Convert all compatable constants and axes to given units.

Parameters:
  • destination_units (str) – Destination units.
  • verbose (bool (optional)) – Toggle talkback. Default is True.

See also

Axis.convert()
Convert a single axis object to compatable units. Call on an axis object in data.axes or data.constants.
copy()[source]

Copy the object.

Returns:A deep copy of the data object.
Return type:data
dOD(signal_channel, reference_channel, method='digital')[source]

For transient absorption, convert zi signal from dI to dOD.

Parameters:
  • signal_channel (int or str) – Index or name of signal (dI) channel.
  • reference_channel (int or str) – Index or name of reference (I) channel.
  • method ({'digital', 'boxcar'} (optional)) – Shots processing method. Default is digital.

Notes

dOD is calculated as

\[-\log_{10}\left(\frac{I+dI}{I}\right)\]

where I is the reference channel and dI is the signal channel.

dimensionality

Get dimensionality of Data object.

divide(divisor, channel=0, divisor_channel=0)[source]

Divide a given channel by another data object.

Divisor may be self. All axes in divisor must be contained in self.

Parameters:
  • divisor (data) – The denominator in the division.
  • channel (int or str) – The channel to divide into. The result will be written into this channel.
  • divisor_channel (int or str) – The channel in the divisor object to use.
flip(axis)[source]

Flip direction of arrays along an axis.

Changes the index of elements without changing their correspondance to axis positions.

Parameters:axis (int or str) – The axis to flip.
get_nadir(channel=0)[source]

Get the coordinates in units of the minimum in a channel.

Parameters:channel (int or str (optional)) – Channel. Default is 0.
Returns:Coordinates in units for each axis.
Return type:list of numbers
get_zenith(channel=0)[source]

Get the coordinates in units of the maximum in a channel.

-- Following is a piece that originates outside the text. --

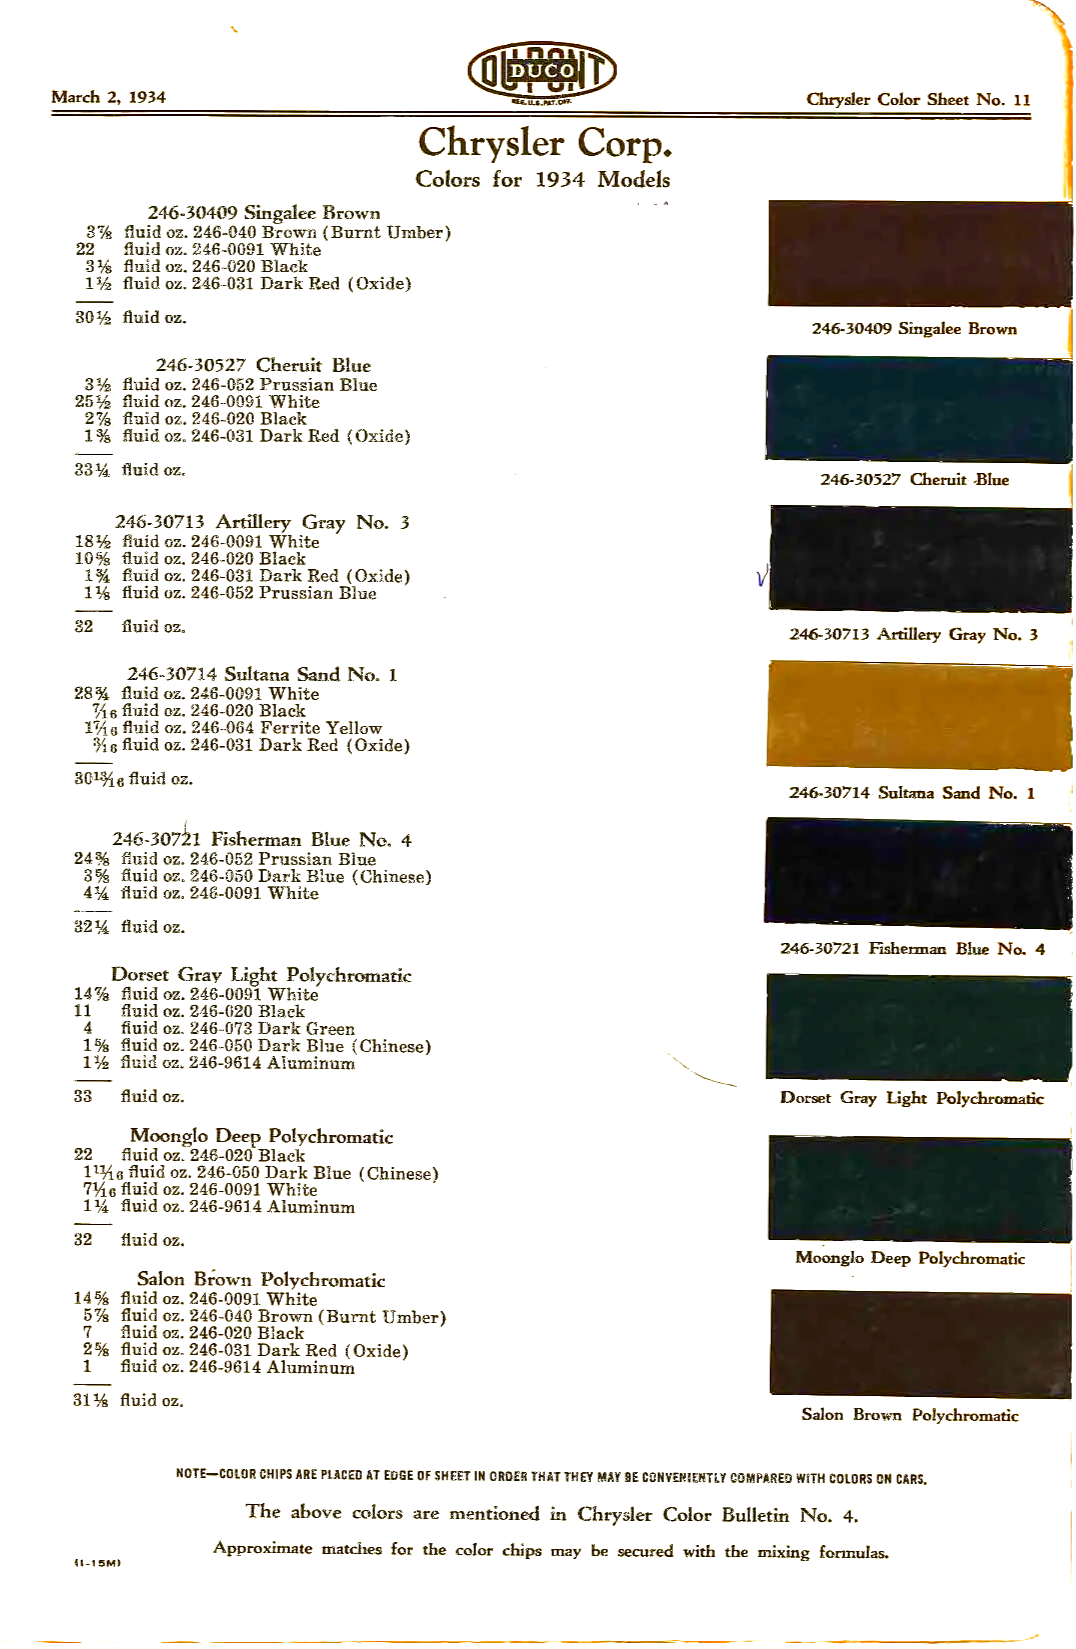 paint chips from 1934

Parameters:channel (int or str (optional)) – Channel. Default is 0.
Returns:Coordinates in units for each axis.
Return type:list of numbers
heal(channel=0, method='linear', fill_value=nan, verbose=True)[source]

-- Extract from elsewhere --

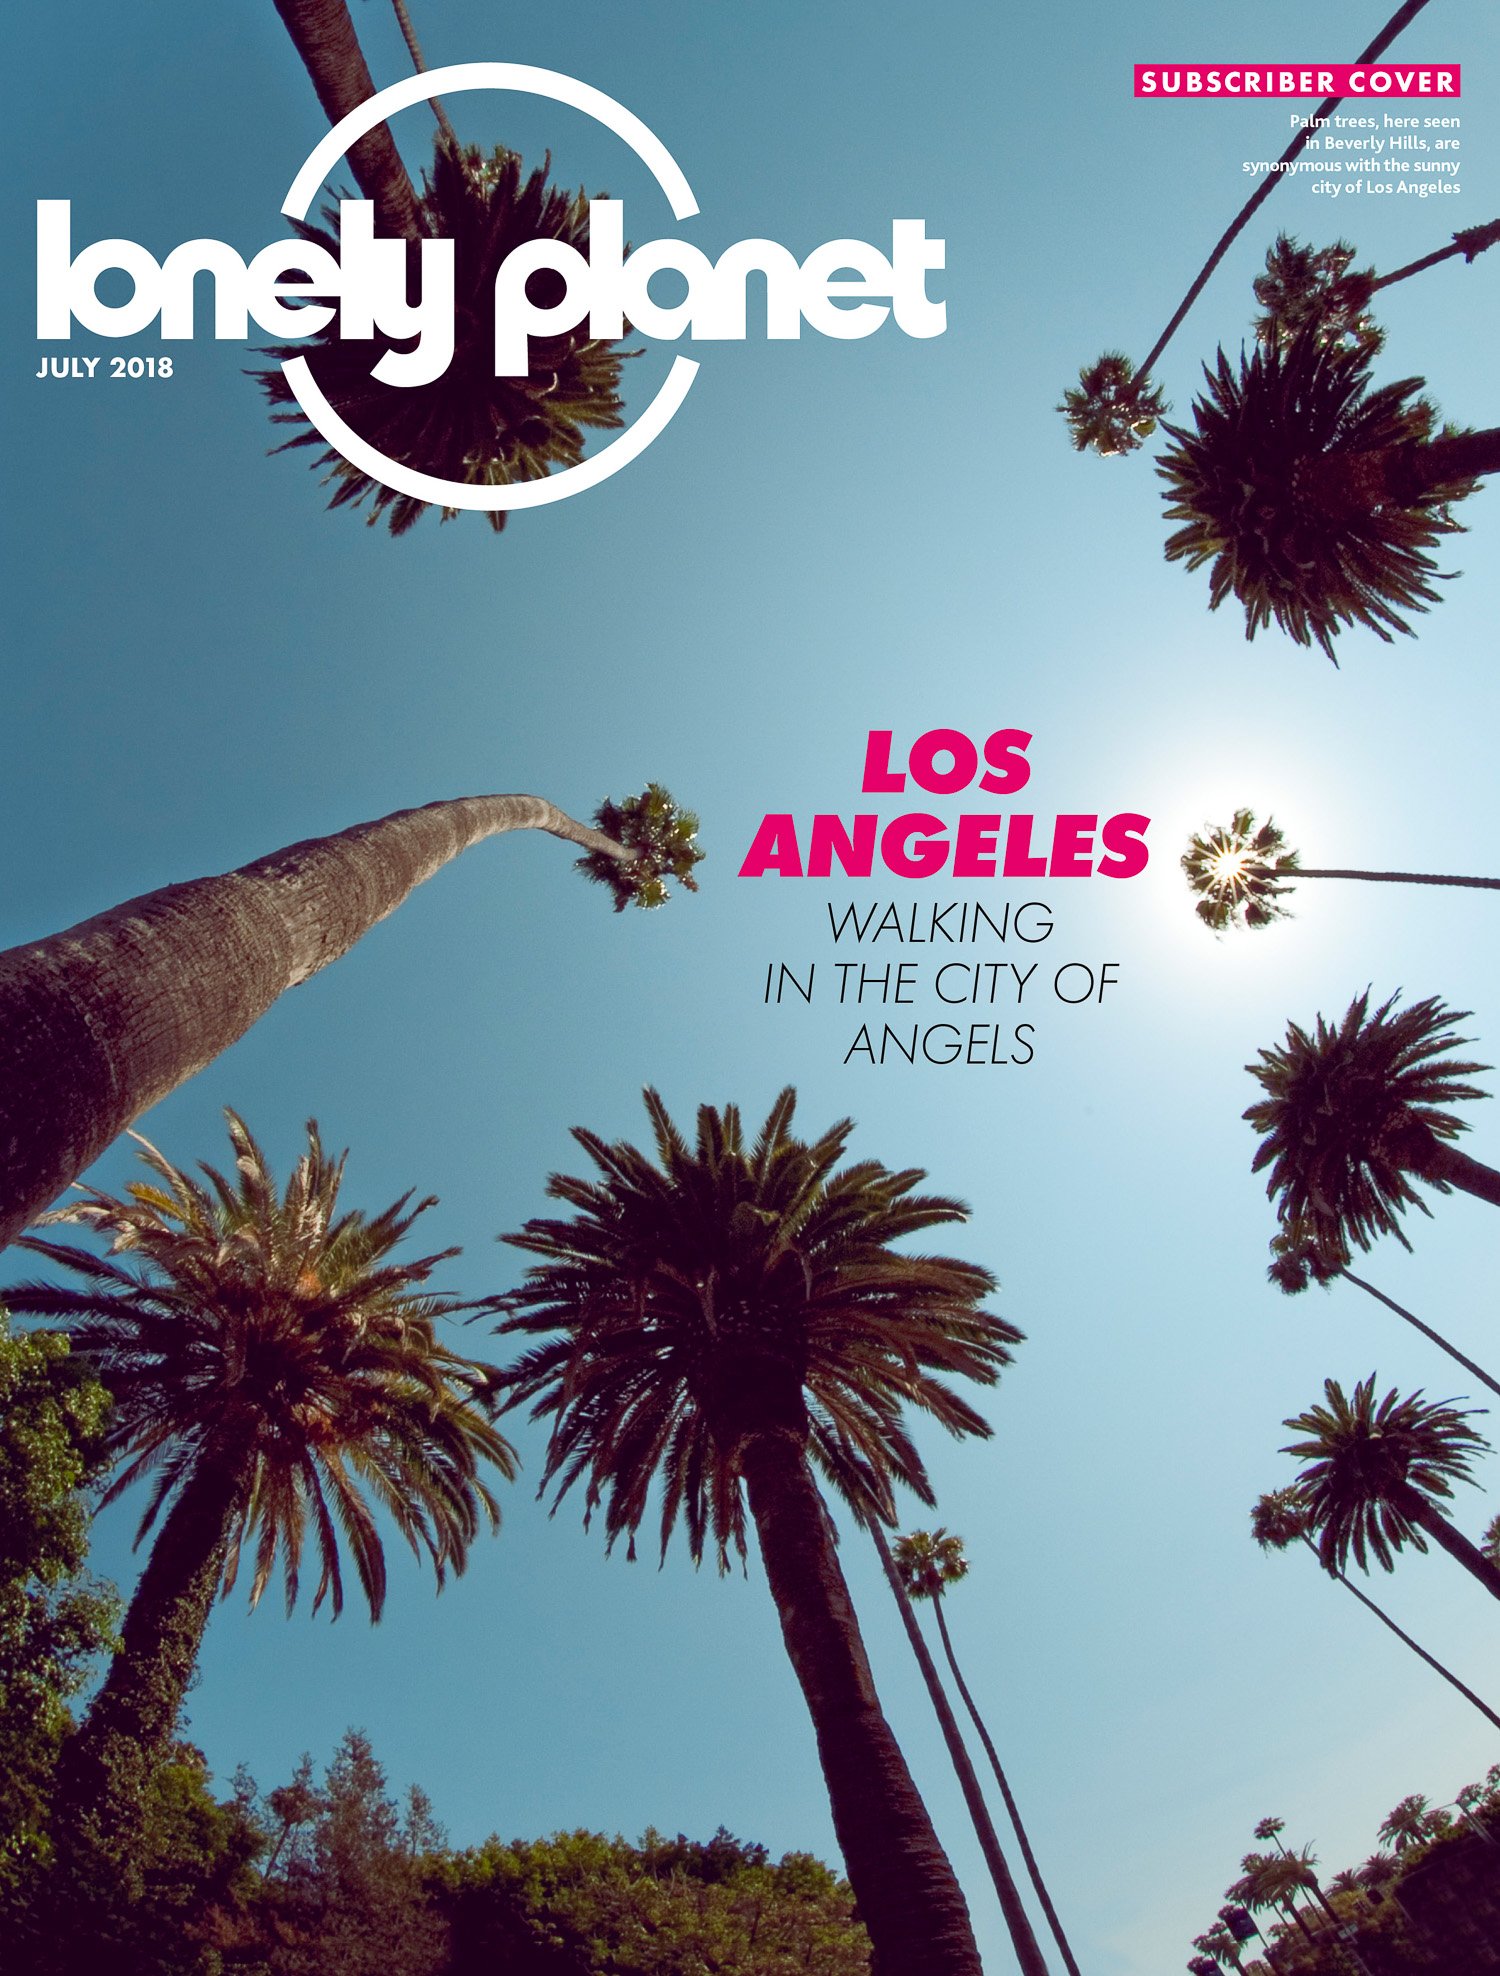 cover photo from Lonely Planet travel magazine by photographer Simon Urwin

Remove nans from channel using interpolation.

Parameters:
  • channel (int or str (optional)) – Channel to heal. Default is 0.
  • method ({'linear', 'nearest', 'cubic'} (optional)) – The interpolation method. Note that cubic interpolation is only possible for 1D and 2D data. See griddata for more information. Default is linear.
  • fill_value (number-like (optional)) – The value written to pixels that cannot be filled by interpolation. Default is nan.
  • verbose (bool (optional)) – Toggle talkback. Default is True.

Note

Healing may take several minutes for large datasets. Interpolation time goes as nearest, linear, then cubic.

info

Retrieve info dictionary about a Data object.

level(channel, axis, npts, verbose=True)[source]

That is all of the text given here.